Perhaps the exaggerated way we discussed takeout options tripped a guilt wire in my father. The next week he packed us in a rented car and we headed for the Caledon Hills for Thanksgiving dinner in the country. This time he insisted that our mother join us.
Suddenly we were one family among many on Highway 401, cars braiding their way across the three lanes. I remember watching other people pass in their hatchbacks and station wagons, replicas of us—father, mother, two kids—other odd-acting clusters, and wondering, Were they better or worse?
I was wearing a pair of Mary Janes that I had polished with cooking oil and a blue-and-white sleeveless dress my mother had sewn for me years before from a McCall’s pattern.
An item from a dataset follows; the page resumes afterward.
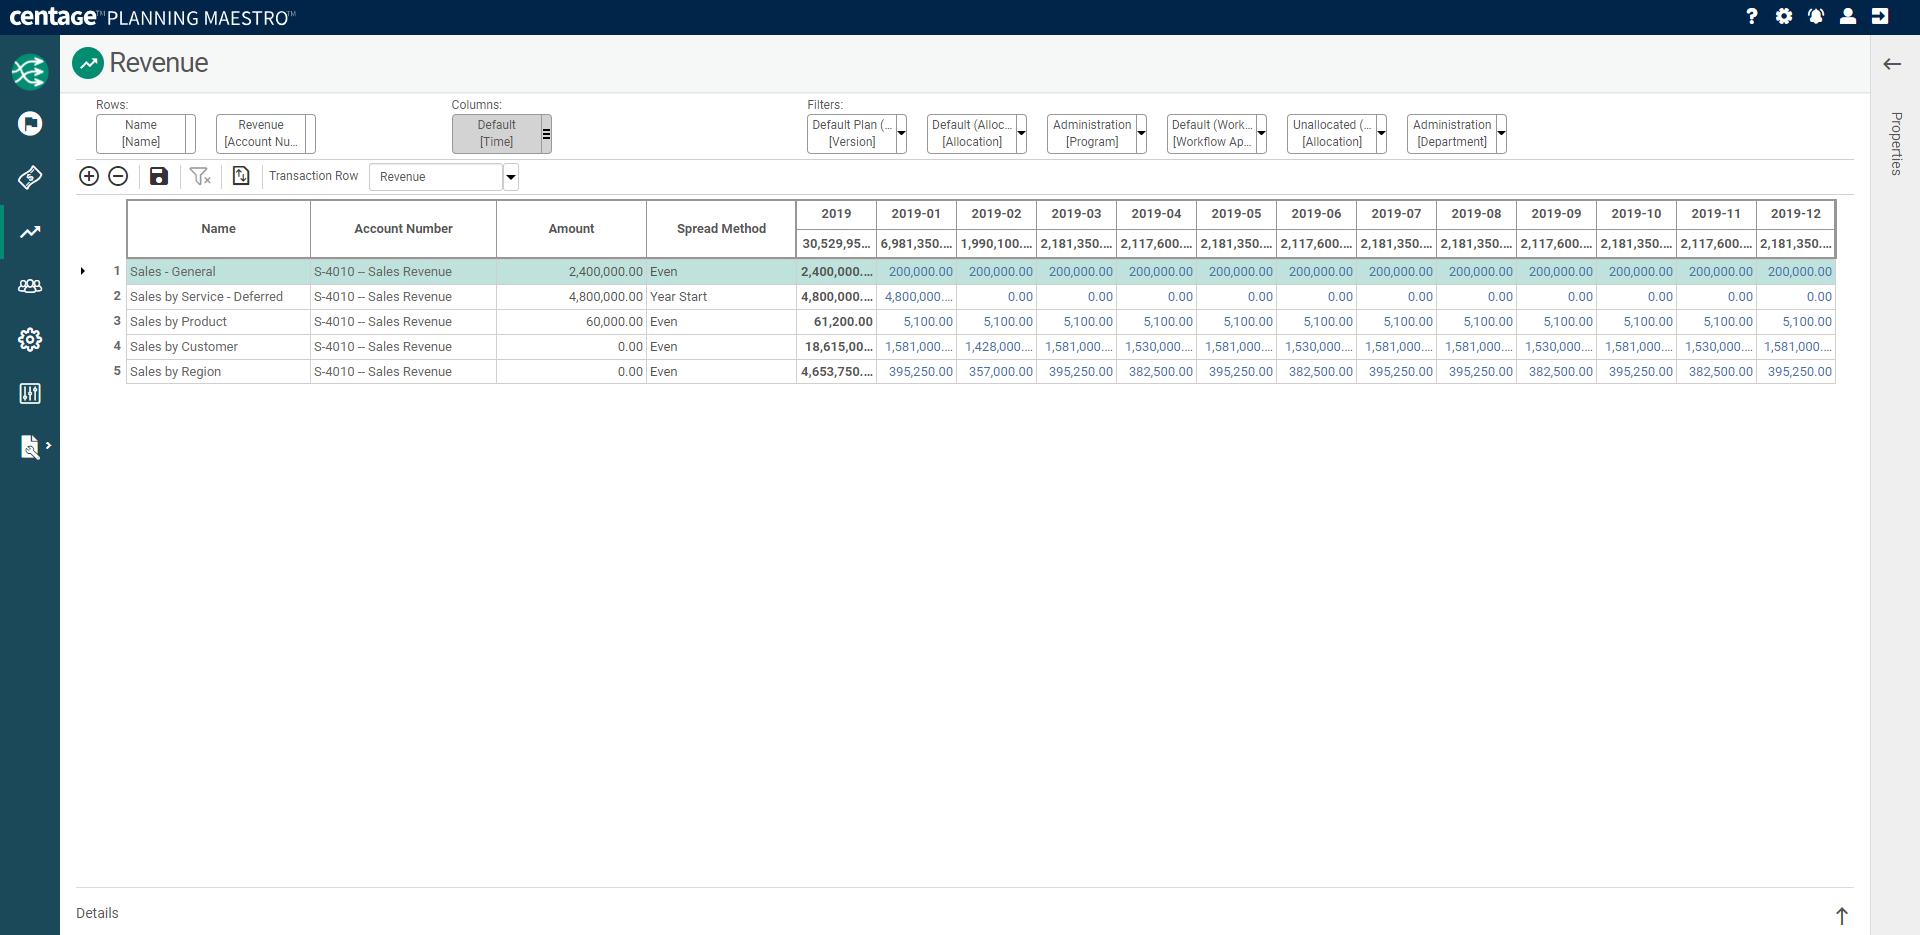 Planning Maestro Software - Revenue Planning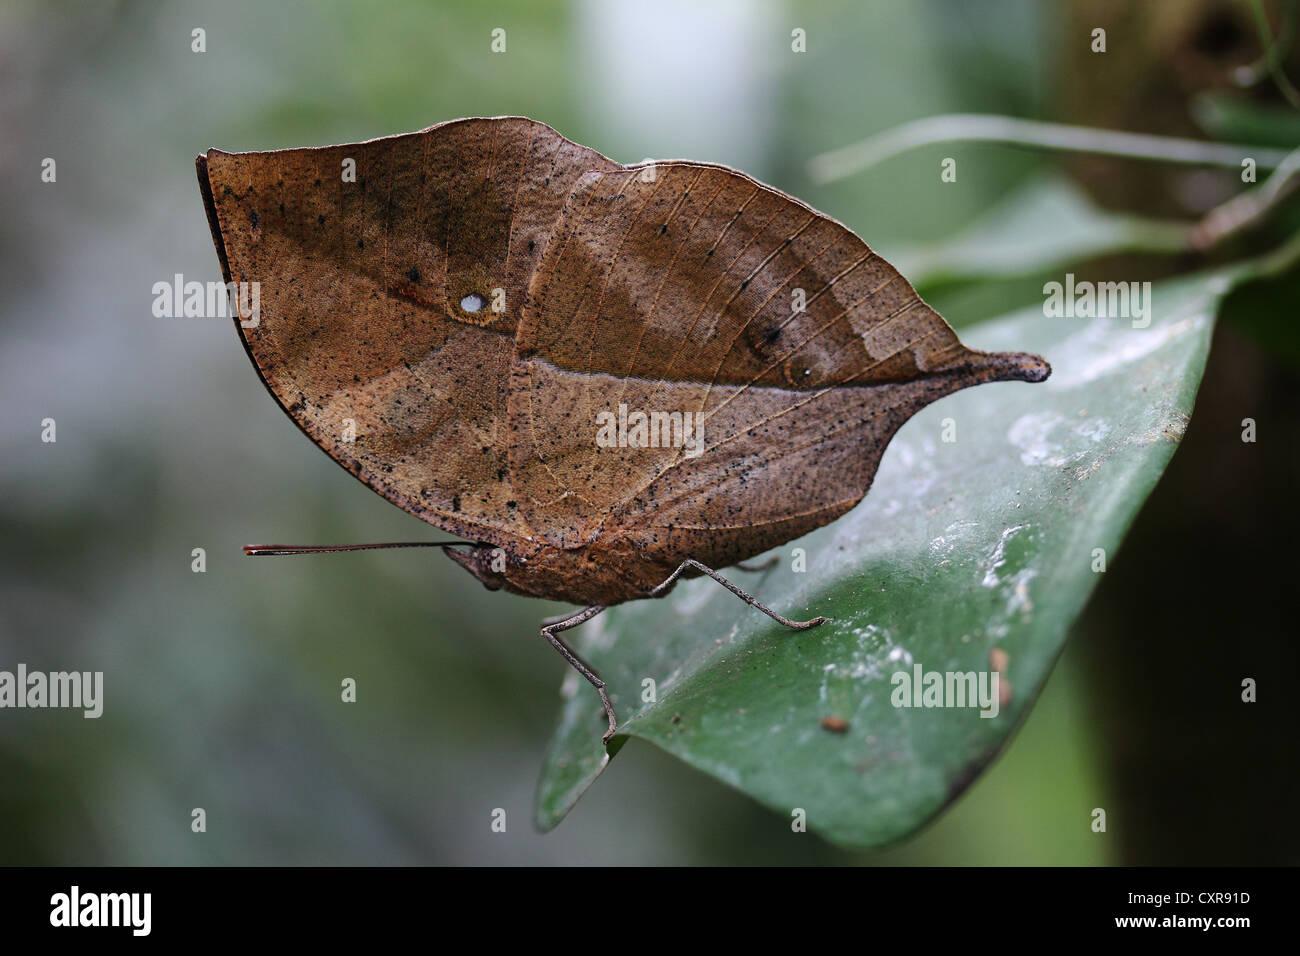 Foglia indiano butterfly (Kallima paralekta), Isola di Mainau, Baden-Wuerttemberg, Germania, Europa Immagini Stock

The dress was now a size too small and much too summery, but I wore it all the same, layering it on top of pants and a turtleneck. I played with the long trailing ribbons attached to the bodice, dangling the ends in front of my mother’s face during the car ride. Perhaps I wanted to remind her that she did once make things. But she was lost in her own world, concentrating perhaps on the soft drone of tires on the highway.
My father broke the silence by asking if we had ever tried venison. I asked what it tasted like and he said: “Gamy. Like strong liver.” Kana made a moan of disgust. “Now, now,” he continued, “it can be quite excellent with a dash of clam marinade and a spoonful of pork gelatin.”
Kana and I were clutching our stomachs and writhing in mock pain. Our mother, sitting in the front seat, wasn’t blinking.
Our father dropped us off in front of the inn while he went to park the car. We entered the restaurant foyer. My mother was dressed in a special-occasion outfit, selected by Kana. It consisted of a yellow silk blouse and a long skirt with a black-and-red diamond pattern. Kana was wearing a brown duffle coat over her favourite velour jumpsuit. We must have looked like a family of hippies on our way to a jamboree. The fact that we arrived without a reservation did not endear us to the maître d’, who seemed, in the particular long-necked manner of maître d’s, to challenge our right to be there.
The room smelled of buttered yams and roasted turkey. There were hunting pictures on the walls. The other diners looked very dignified, satisfied: life going as planned, members of a circle. Our presence seemed to make them uneasy, hostile in a genteel, don’t-display-it sort of way. Even if we had dressed in black gowns, the other diners would have seen what a calamity we all really were. But as soon as my father arrived some unspoken agreement was made, some secret aristocratic handshake exchanged, and we were seated in that tiny, crowded room. Soon, the waitress was bringing us our menus, and no one seemed to entertain any grudges, at least not openly. I picked up a fork, held it under the tablecloth and began scarring the soft surface of the wood table.